> **The data**
• • • •

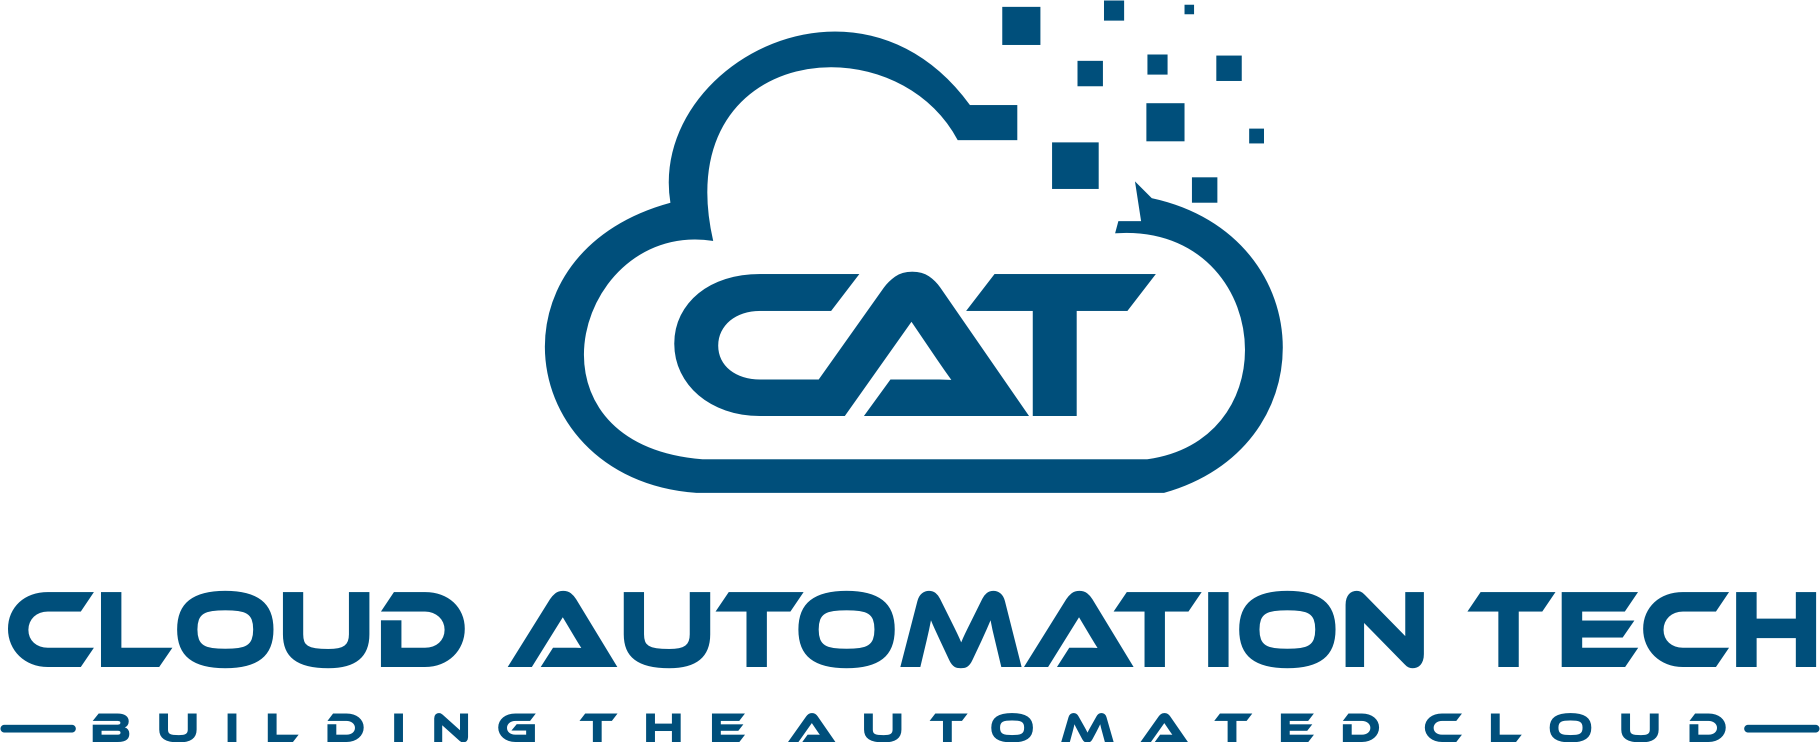 Cloud Automation Tech
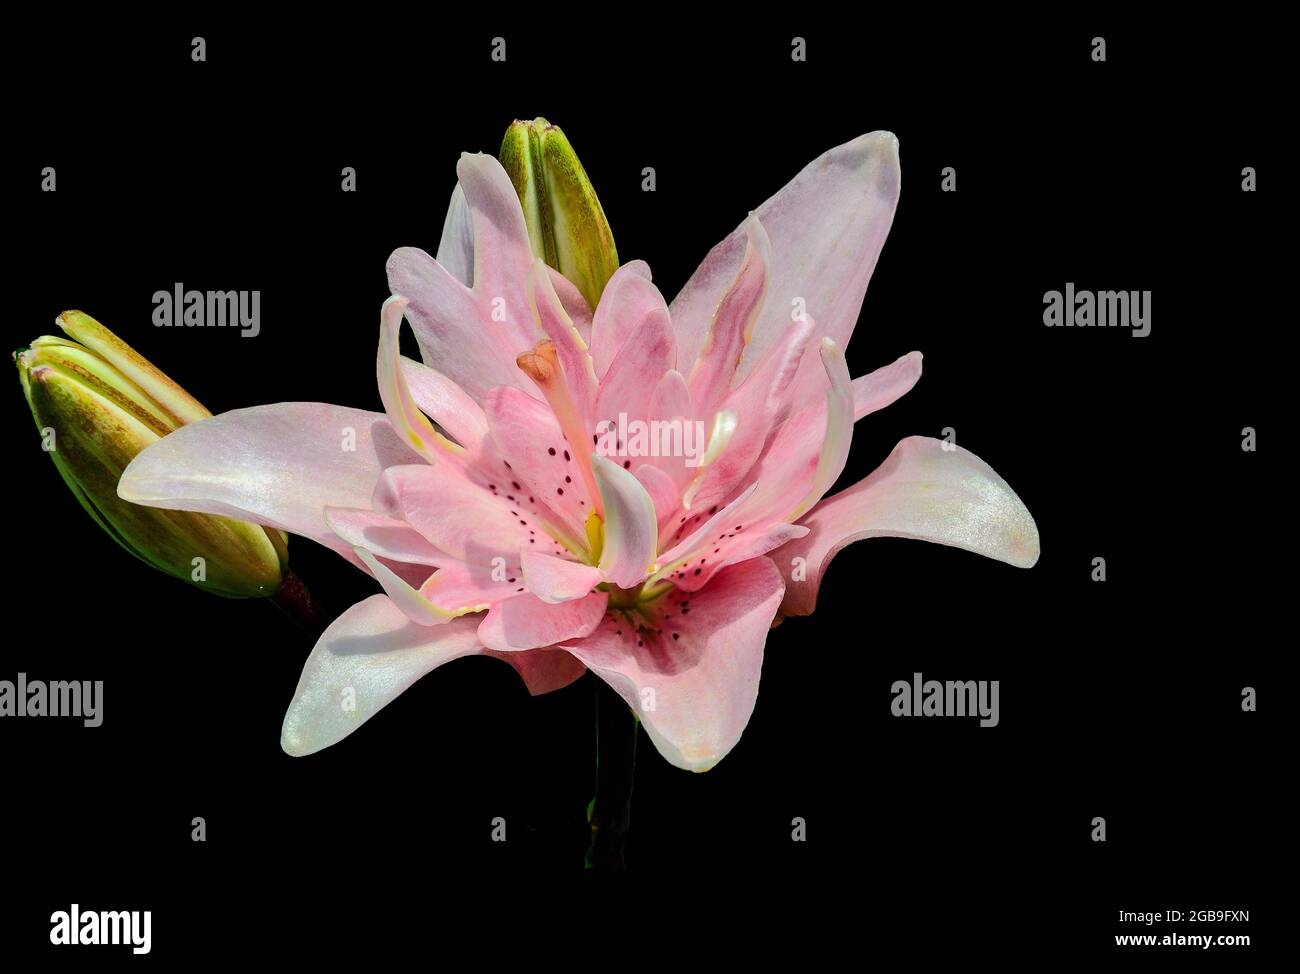 Sanfte und elegante hellrosa Lilienblüte aus nächster Nähe, auf schwarzem Hintergrund isoliert. Einzelne schöne orientalische lilium-Blütensorte Elodie mit Knospen. Stockfoto
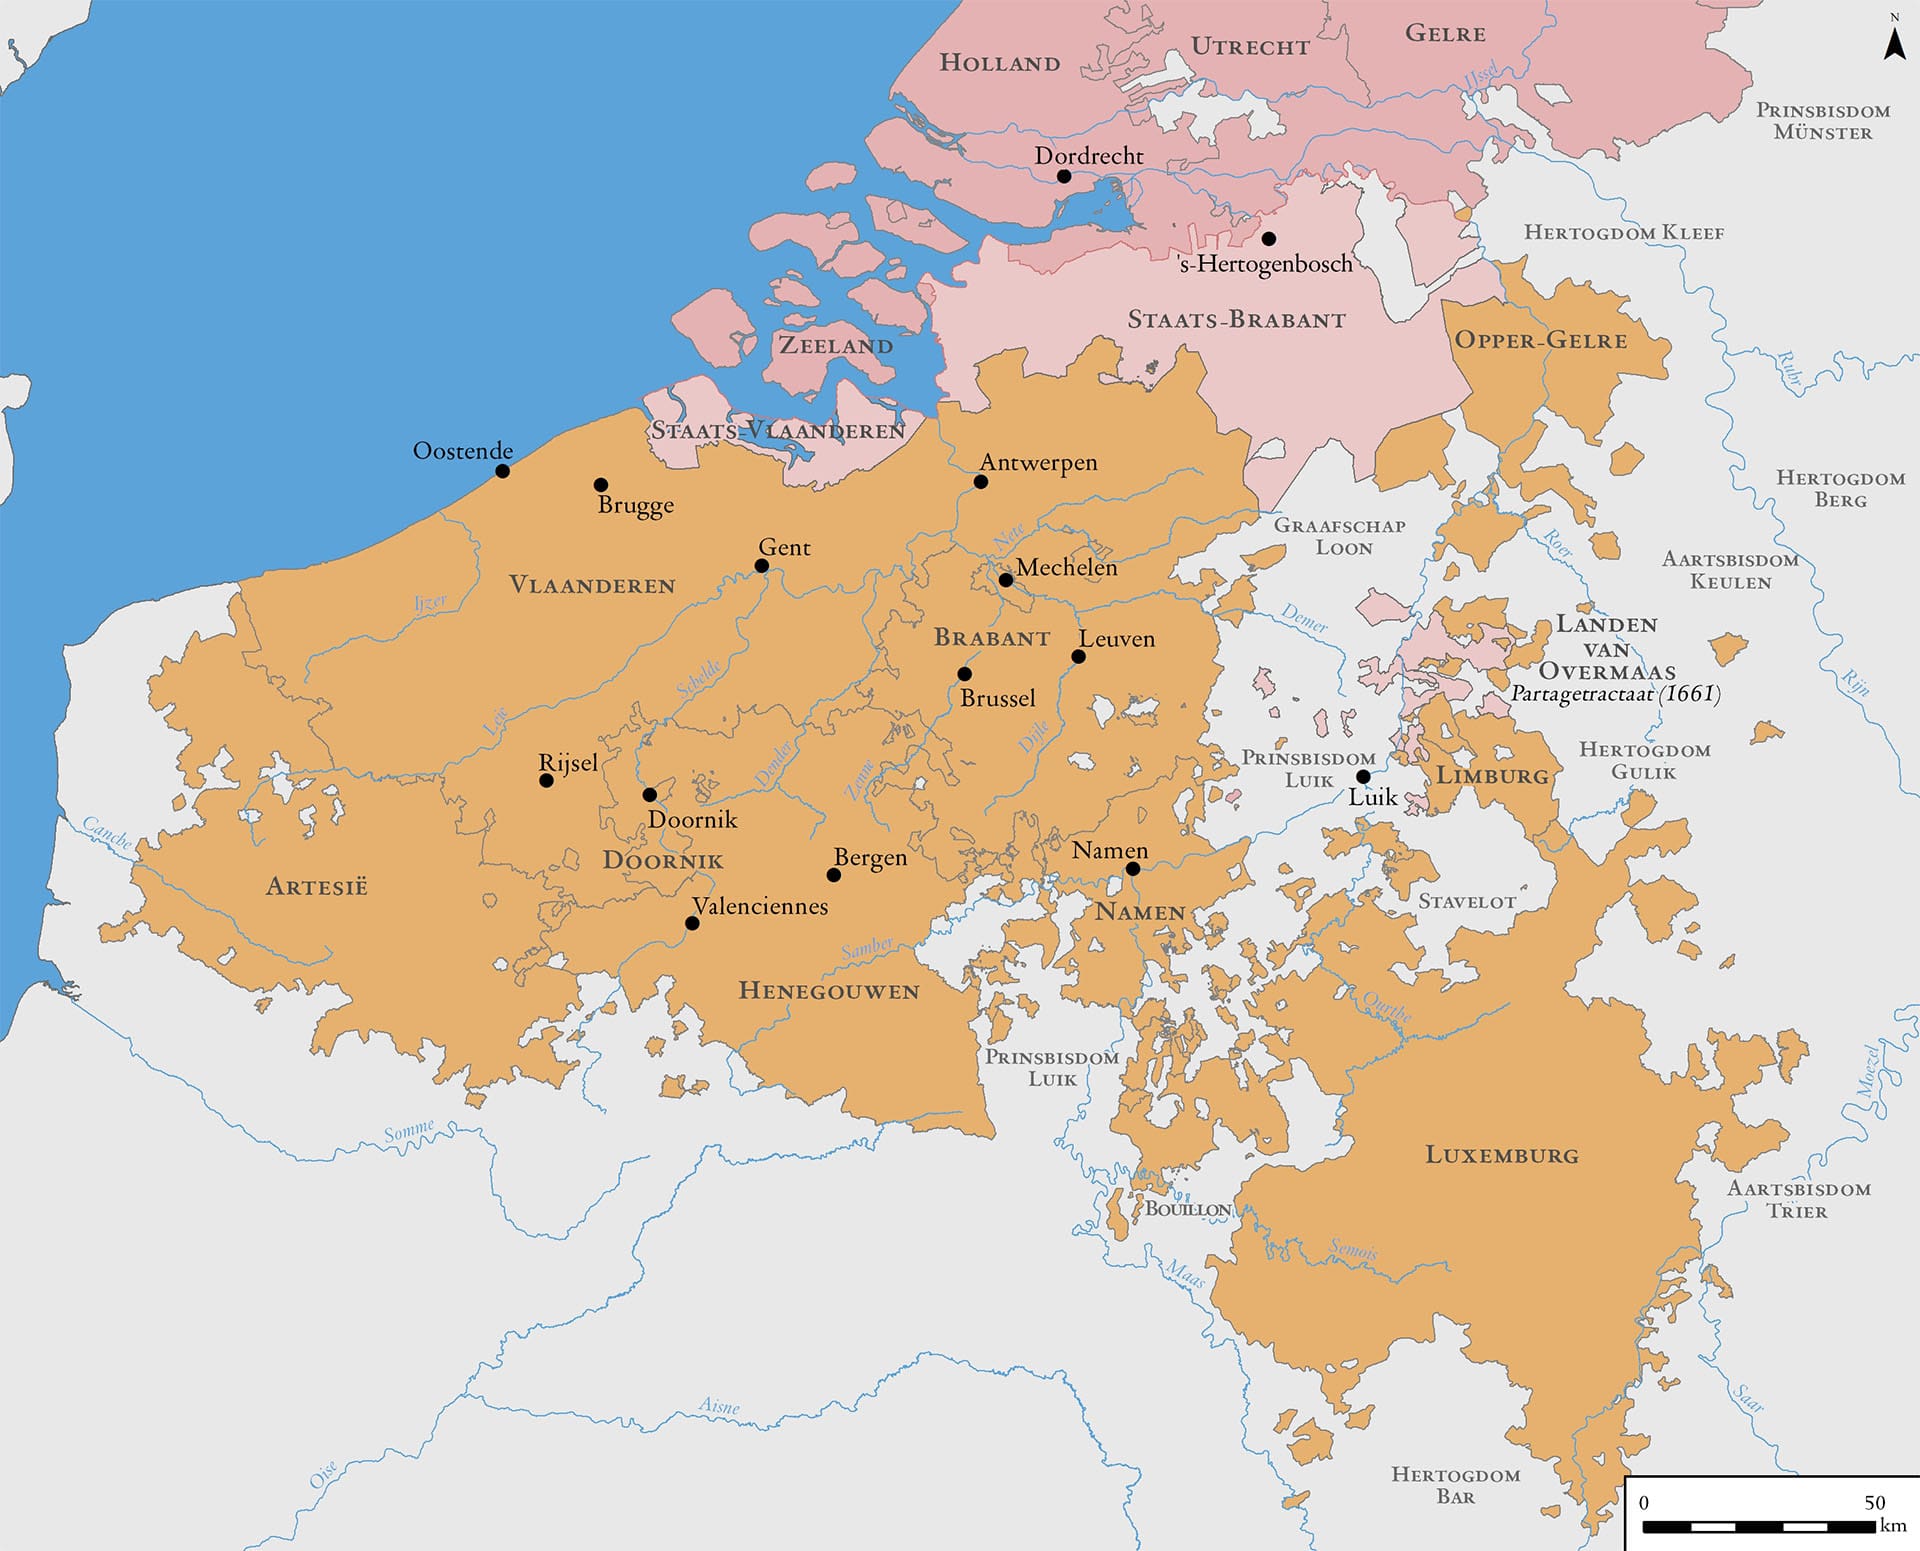 De scheuring van de Nederlanden, 1568-1648

• • • •

> **Your task**
Without including any picture, reproduce the material above word for word.

> **Reply**
 Cloud Automation Tech
 Sanfte und elegante hellrosa Lilienblüte aus nächster Nähe, auf schwarzem Hintergrund isoliert. Einzelne schöne orientalische lilium-Blütensorte Elodie mit Knospen. Stockfoto
 De scheuring van de Nederlanden, 1568-1648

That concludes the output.